Opinion
Opinion By: Chris Gorman, Attorney General; Amye B. Majors, Assistant Attorney General
OPEN RECORDS DECISION
This matter comes to the Attorney General on appeal from the actions of the Lyon County Judge Executive, Terry McKinney, in responding to Ms. Carol White's May 14, 1993, request for a copy of the audio tape of the May 13 fiscal court meeting. Ms. White states that Judge McKinney denied her request, advising her that he had purchased the tape and the tape recorder with his own money. Ms. White was subsequently advised that she could obtain a copy of the minutes of the meeting from the fiscal court clerk's office. It is her position that she is entitled to a copy of the tape itself, since it contains "a verbatim transcript" of what took place at the meeting.
The issue presented in this appeal is whether the County Judge/Executive properly denied Ms. White's request. For the reasons set forth below, and assuming that Ms. White has fairly and accurately recounted the facts giving rise to this appeal, we conclude that Judge McKinney's response was technically deficient, but substantively correct.
KRS 61.880(1) sets forth procedural guidelines for agency response to an open records request. That statute provides:
Each public agency, upon any request for records made under KRS 61.870 to 61.884, shall determine within three (3) days, excepting Saturdays, Sundays, and legal holidays, after the receipt of any such request whether to comply with the request and shall notify in writing the person making the request, within the three (3) day period, of its decision. An agency response denying, in whole or in part, inspection of any record shall include a statement of the specific exception authorizing the withholding of the record and a brief explanation of how the exception applies to the record withheld. The response shall be issued by the official custodian or under his authority, and it shall constitute final action.
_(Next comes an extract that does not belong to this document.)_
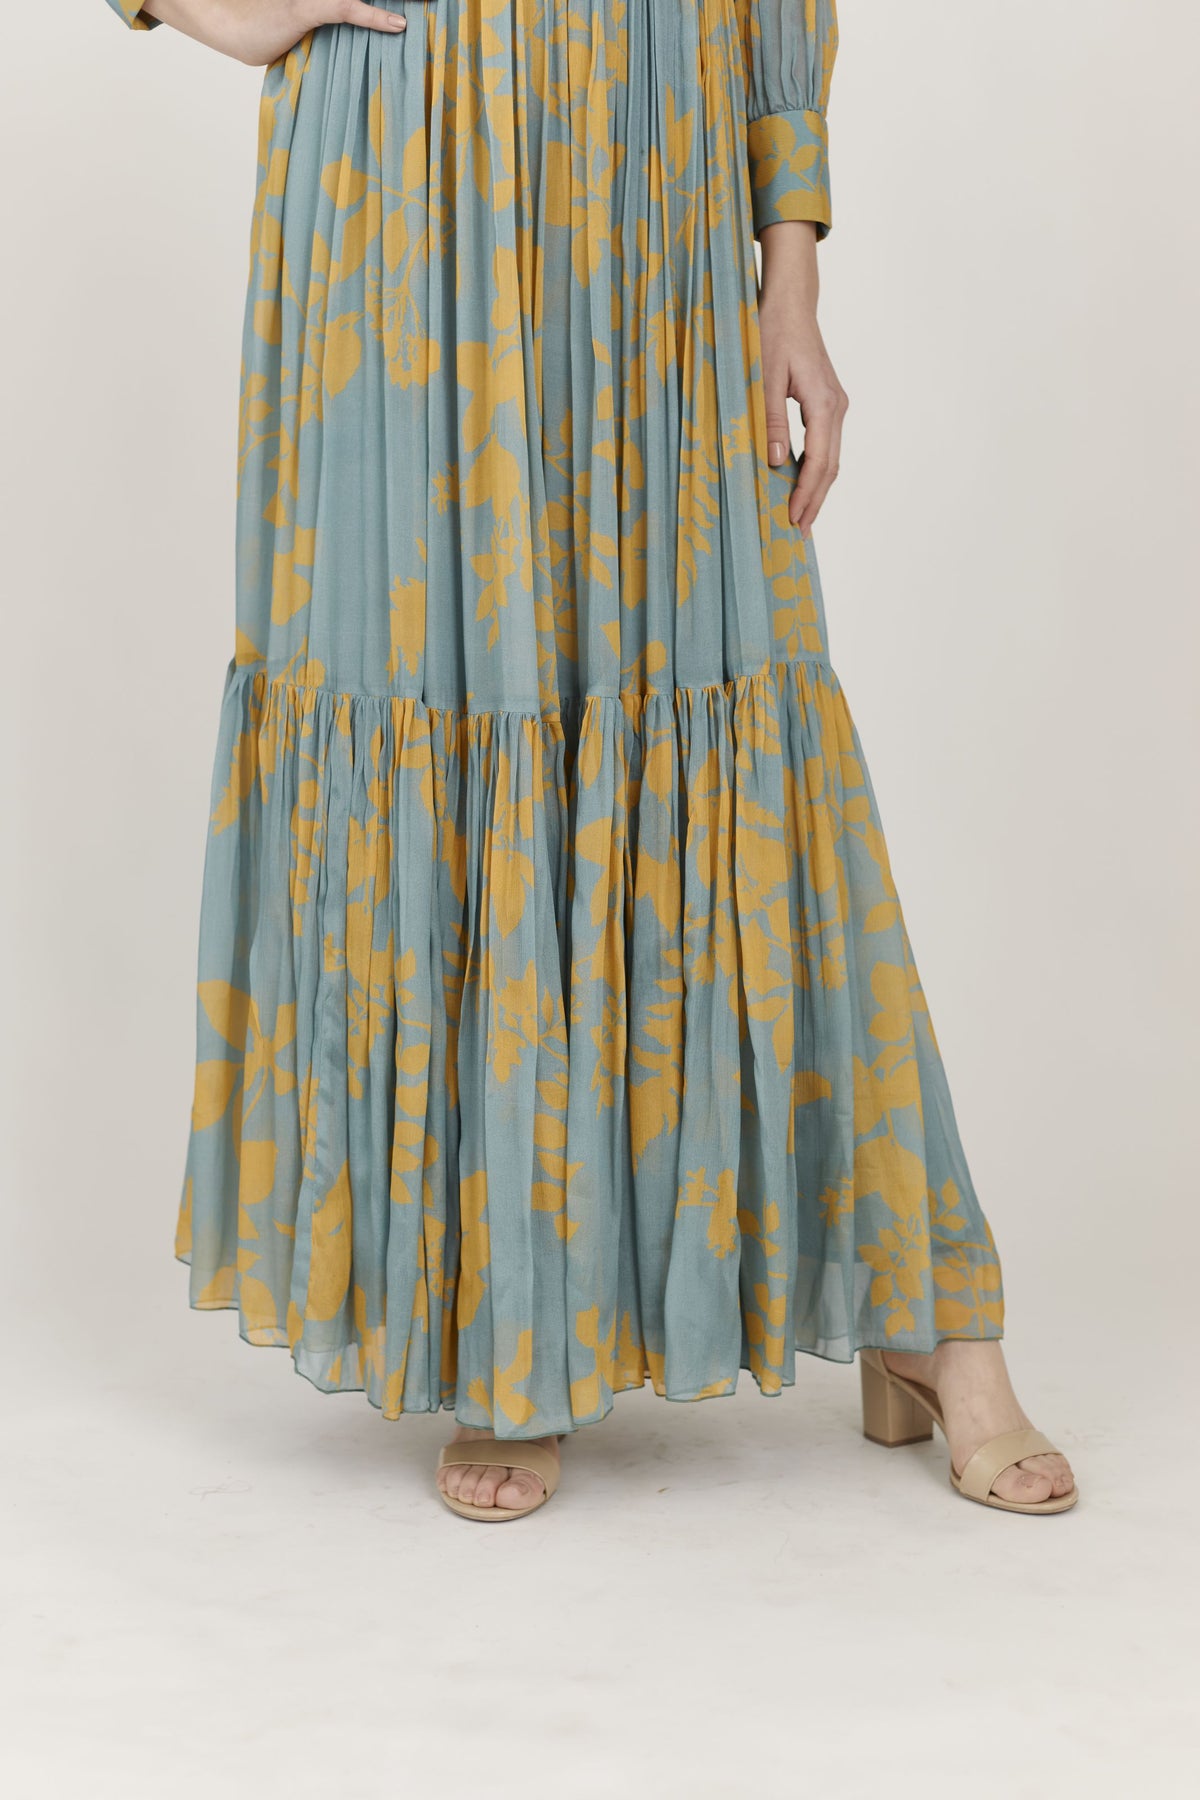 BLUE AND MUSTARD FLORAL LONG FRILL DRESS

Judge McKinney violated the Open Records Act by failing to respond in writing to Ms. White's request. This violation is mitigated by the fact that he responded verbally. However, in the future, Judge McKinney should respond to such requests in writing, and within three business days, to avoid potential disputes about the identity of the records requested and his response, and to facilitate Attorney General review in the event that an appeal is filed.
Turning to the substantive issue in this open records appeal, we find that if, as Judge McKinney asserted, he purchased the tape which was used to record the May 13 fiscal court meeting, he properly denied Ms. White's request. In OAG 92-111, a copy of which is attached, this Office held that if an agency elects to make a tape recording of its public meetings, and the tape is purchased with agency funds, it must be made available for public inspection. See also, 93-ORD-34. The converse of this holding is, of course, that if a member of the agency purchases the tape with his or her own funds, it cannot properly be treated as a public record. In the latter case, the agency is not obligated to release the tape, but may satisfy its obligation by releasing the approved minutes of the meeting. Assuming Judge McKinney to have truthfully represented that he purchased the tape with his own money, we must conclude that he properly denied Ms. White's request.
Ms. White raises a number of questions relating to apparent violations of the Open Meetings Act. We decline to render a decision on these issues in the present appeal. The Kentucky Open Meetings Act (KRS 61.805 to KRS 61.850) was substantially amended by the 1992 Regular Session of the Kentucky General Assembly (1992 Act, Chapter 162, HB 16). That legislation, which became effective on July 14, 1992, includes provisions which must be followed before this Office can render a decision.
A new section of the Open Meetings Act (KRS 61.846) requires that a person seeking enforcement of the Act first submit a written complaint to the presiding officer of the public agency suspected of violating the Act. The complaint must state the circumstances which constitute the alleged violation, and must state what the public agency should do to remedy the alleged violation.
The public agency is required to respond in writing within three business days after the receipt of the complaint, and notify the complaining party of its decision. An agency's response denying the complaint's requirement for remedying the alleged violation must include a statement of the specific statute or statutes supporting the public agency's denial and how that statute or statutes apply to the specific situation at hand.
If the complaining party wishes the Attorney General to review the public agency's denial, the complaining party must send the Attorney General a copy of his written complaint, and a copy of the written denial, within 60 days from the receipt by the complaining party of that written denial by the public agency. If the public agency refuses to provide a written denial, the complaining party must provide a copy of the written complaint to the Attorney General within 60 days from the date the written complaint was submitted to the presiding officer of the public agency. In his letter to the Attorney General the complaining party must include a written statement as to how the public agency failed to remedy the alleged violation.
Ms. White must follow the procedures outlined above and send this Office the required documents before we can treat the matter as an appeal under the Open Meetings Act and proceed to issue a decision.
Ms. White and the Lyon County Judge/Executive may challenge this decision by initiating action in the appropriate circuit court pursuant to KRS 61.880(5) and 61.882.